Sunday, October 25, 2009

Regex Article in php|a

The August edition of PHP Architect magazine contained my introductory article on regexes. It has a PHP slant but mainly it is about regexes. Well, most of it is introductory but it contains a bonus section at the end using advanced regexes in SQL to repair a database in situ.

The print magazine arrived by air mail a couple of weeks ago and I finally got to read it. I was pleased (and relieved) that it read well. If you have read it I'd love to get some constructive criticism - especially if you are uncomfortable with regexes.

It was also my first print article to use colour, and I think that worked well too.

One correction in the complicated "Repairing With Regexes" section at the end of the article. The text says "So \1 has to be written \\\\1 (that is four backslashes)." That seemed a strange thing to write, so I took a look at the unit test source code (included with the PDF download version of php|a magazine) I had written. Four backslashes is correct when in PHP, but when in SQL it should be "\\1" not "\1".
(I just checked my emails from when we were proof-reading, and one of the edits had removed all those backslashes; I caught that at the time but ironically I got it wrong when putting them back in.)

The other minor correction I only realized after Arne Blanket's column in the same magazine issue! I had written: " IP address after that at sign, such as darren@, which, while unusual, is technically valid". In fact "darren@[]" is the technically valid form. Which is doubly annoying because my article's regex would reject those square brackets and I hadn't explicitly pointed that out. (No harm done, though, as this email form is highly discouraged.)

Arne's column also points out that top-level domains are no longer just two or three characters. So my '\.[a-zA-Z]{2,3}$' suggestion should really have been '\.[a-zA-Z]{2,}$'. Luckily, that suggestion was just in a list of other ideas, not part of the article's main regex.

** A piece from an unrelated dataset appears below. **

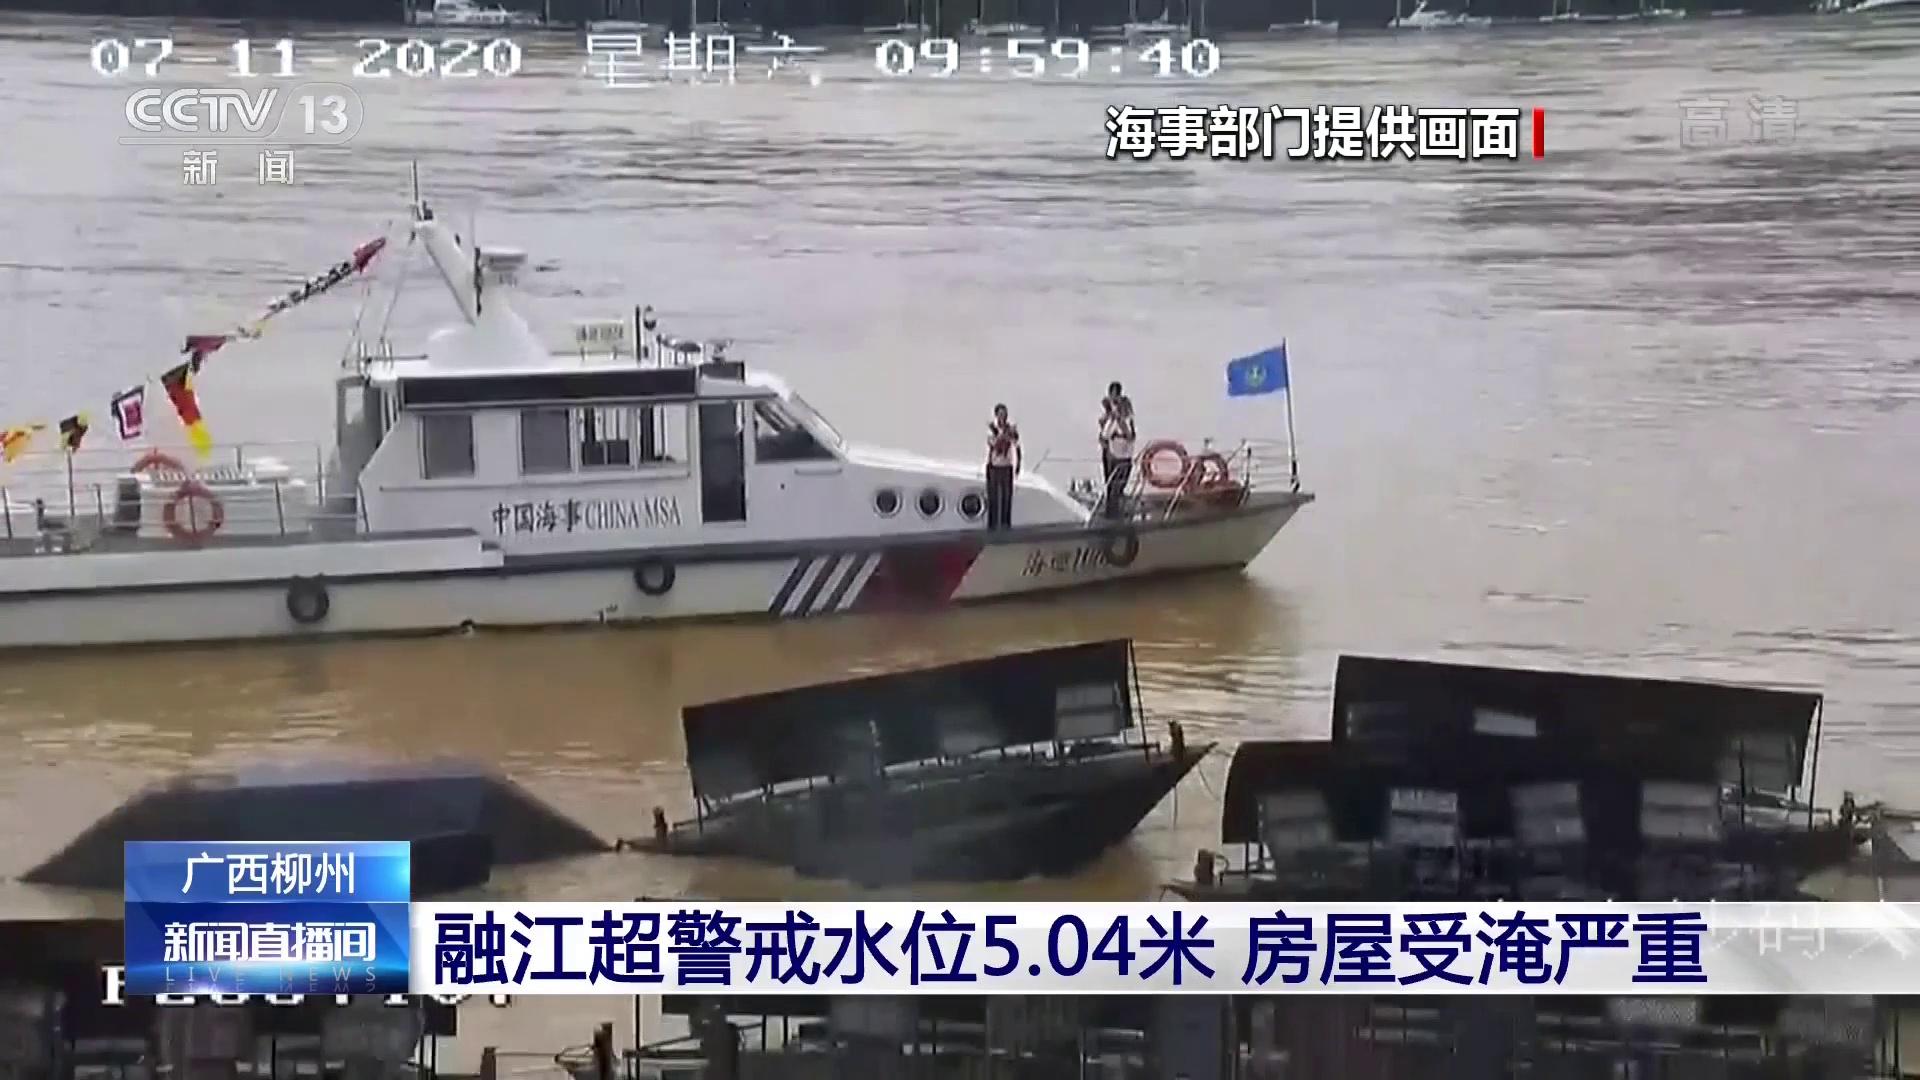 广西融水县今天水位倒灌,街道受淹严重

(By the way I enjoyed, and will blog about real soon, some other articles in this particular issue; if you are not a subscriber, and your work involves data and PHP, then this is the back issue you should get!)

Wednesday, October 14, 2009

Control firefox from PHP?

Internet Explorer can be controlled from a COM object interface, and therefore from PHP (i.e. any scripting language that has COM support).

But is there a way to get script control of firefox? Ideally I'm looking for a platform-independent solution, and something I can use from PHP. Google is not helping (PHP's dominance as a server-side technology overwhelms the client-side related hits).

Here is my dream PHP script:

$firefox=new FirefoxInstance();
foreach($links as $id=>$info){
if(!$found)echo "MLSN link is missing...\n";



Et cetera. I.e. I'm talking about operating firefox the same way a user does; I know I can grab the raw HTML, parse it, etc. all from PHP, but that doesn't test a web site the same way clicking links in a browser does. Especially web pages with javascript, iframes, AJAX, etc.

(I'd heard of XPCOM but, if I've understood it correctly, it is a library to build firefox and its extensions, not something to control firefox? It also has no PHP bindings.)

BTW, going back to controlling IE from the COM interface, I don't suppose anyone has seen a detailed tutorial on how to use it to fill out and submit forms? I only ever see simple examples of how to set the URL, but I believe full control should be possible.
Dec 16th 2009 UPDATE: This came to the top of my to-do list so I read the MSDN docs on the Internet Explorer COM object, and now it is my understanding that I cannot manipulate and submit forms via the COM object. None of the example usage even hinted at doing this.